*** Opening of Available data ***

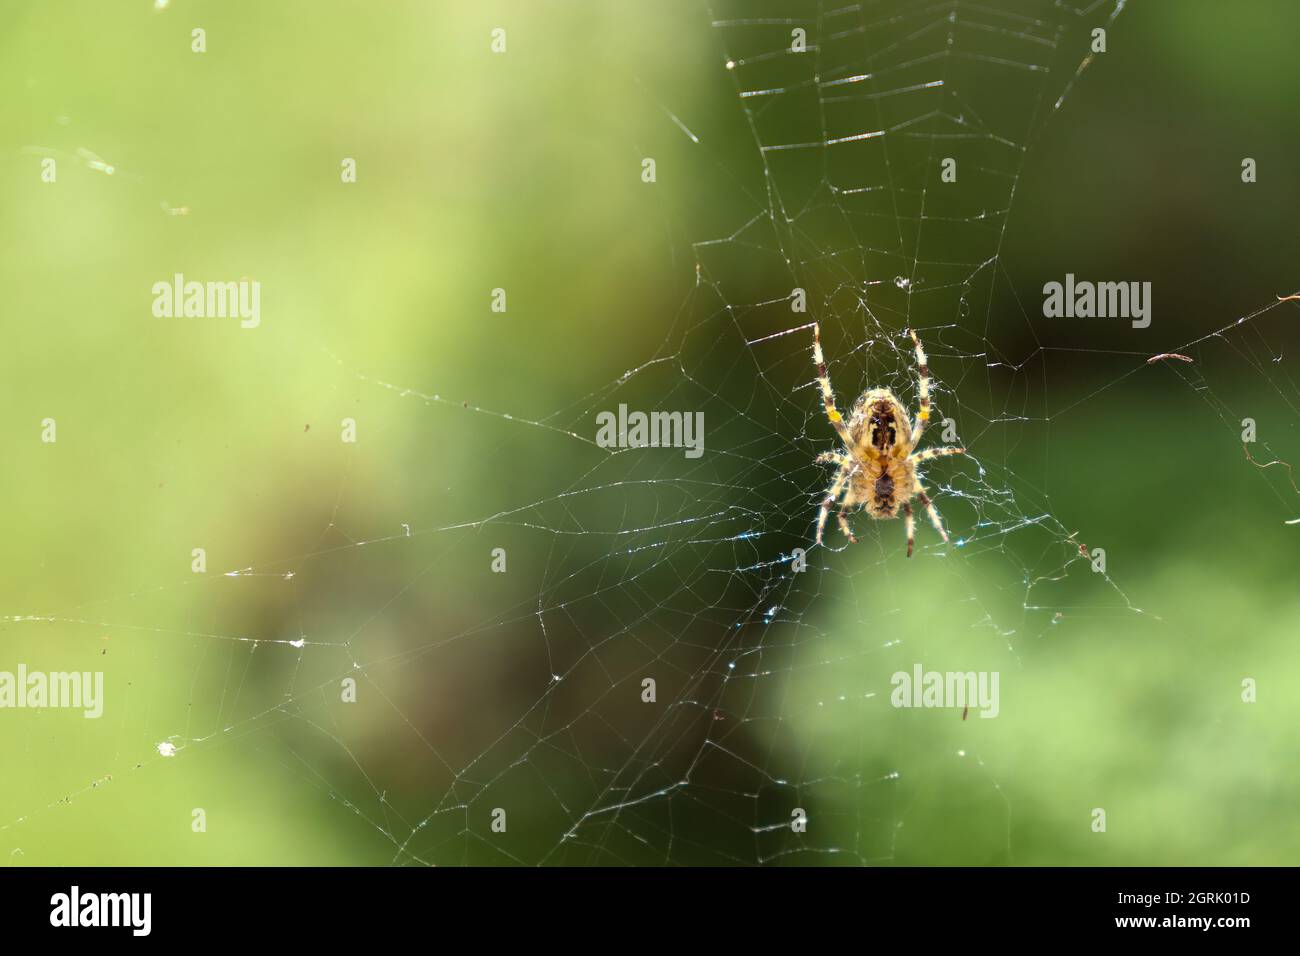 Spider nel web - Spinne im Netz Foto Stock
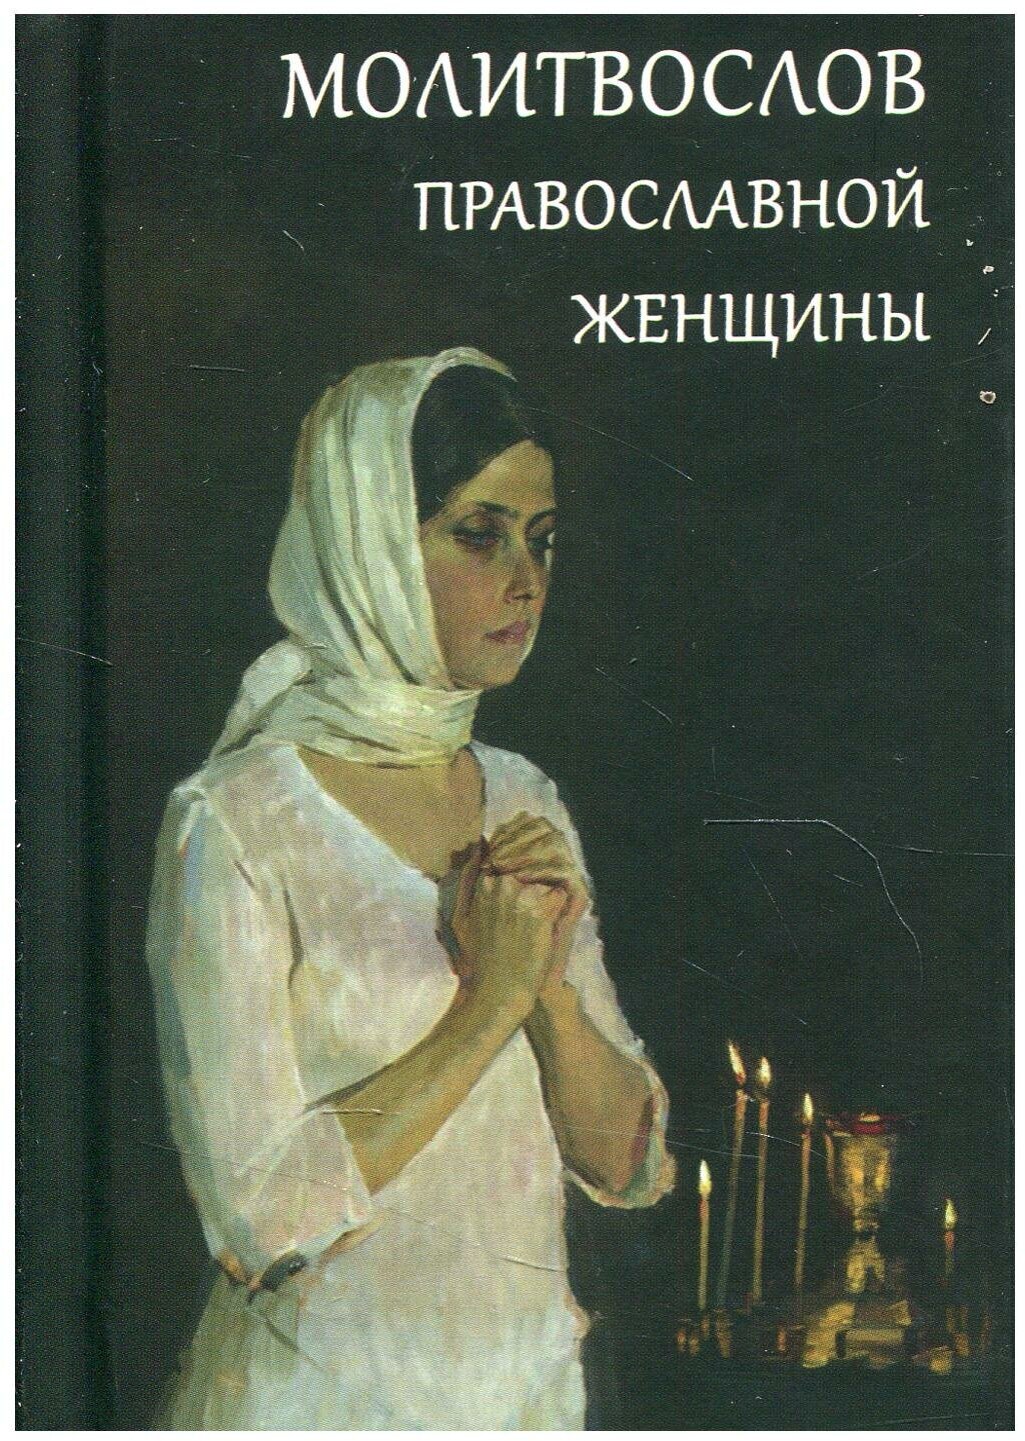 Молитвослов православной женщины. Летопись
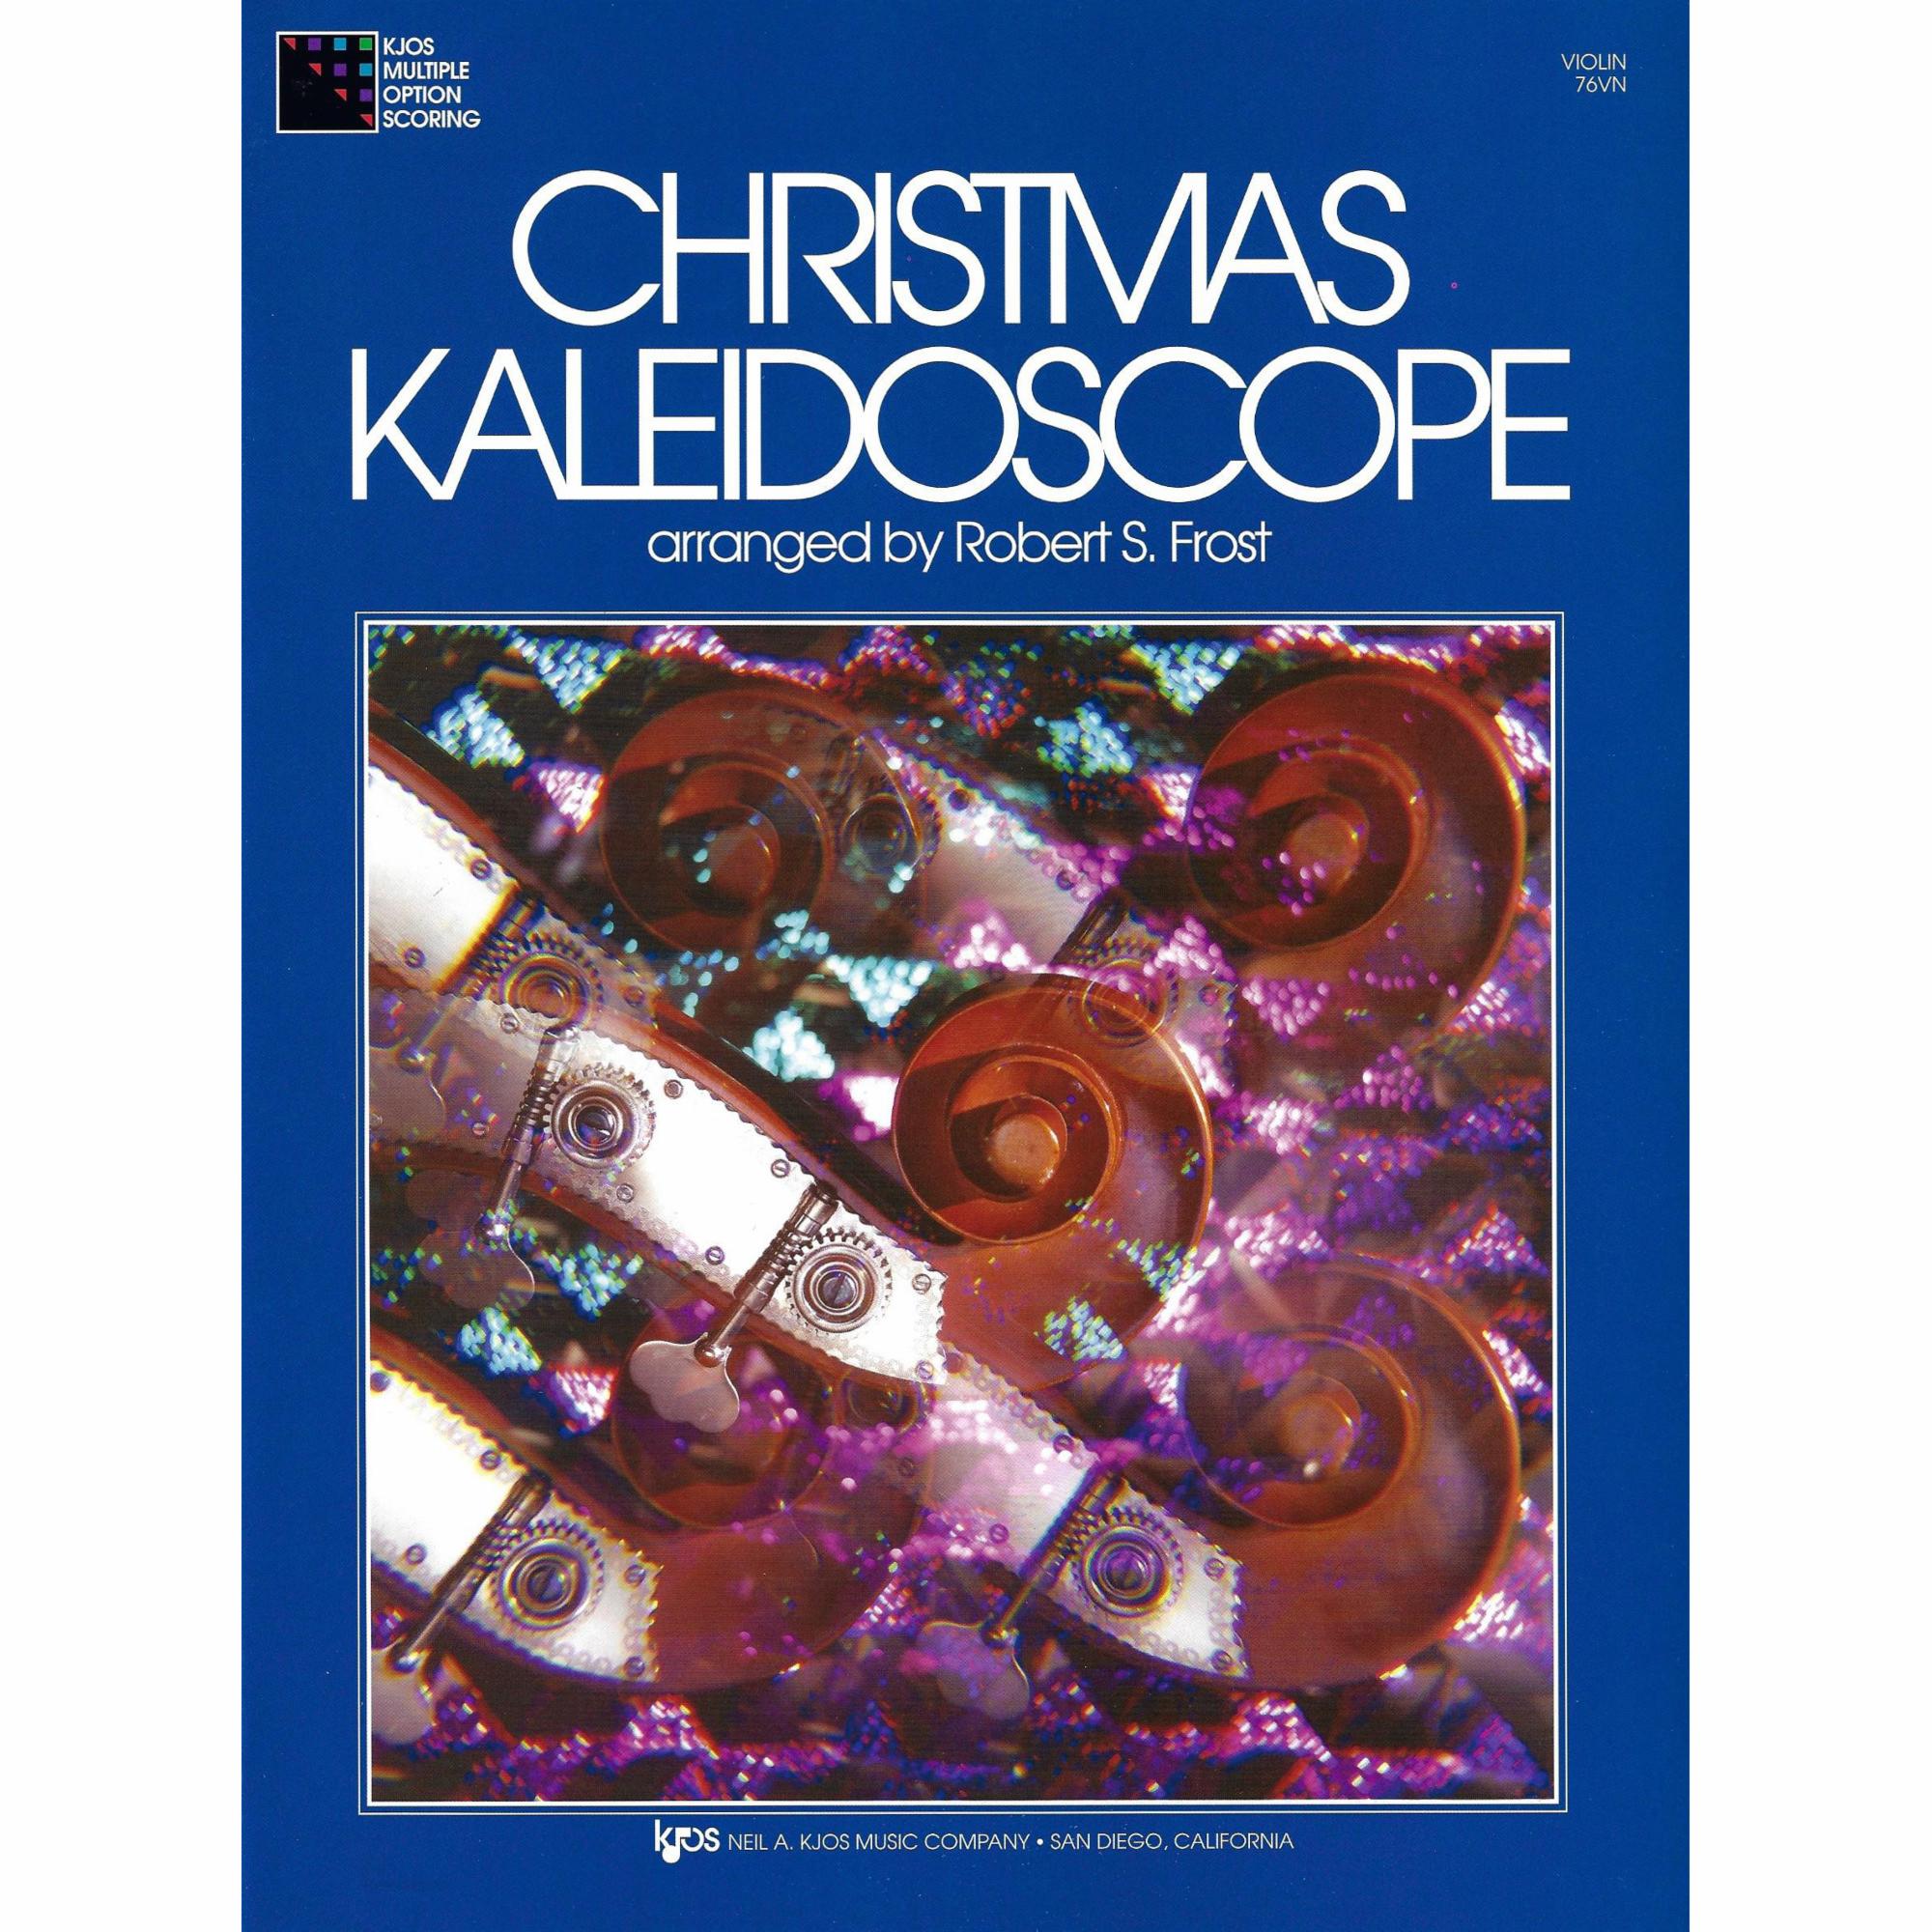 Christmas Kaleidoscope

*** Close of Available data ***

[Assignment] Leave the images out as you retype each line of the material exactly.

[Expected answer]
 Spider nel web - Spinne im Netz Foto Stock
 Молитвослов православной женщины. Летопись
 Christmas Kaleidoscope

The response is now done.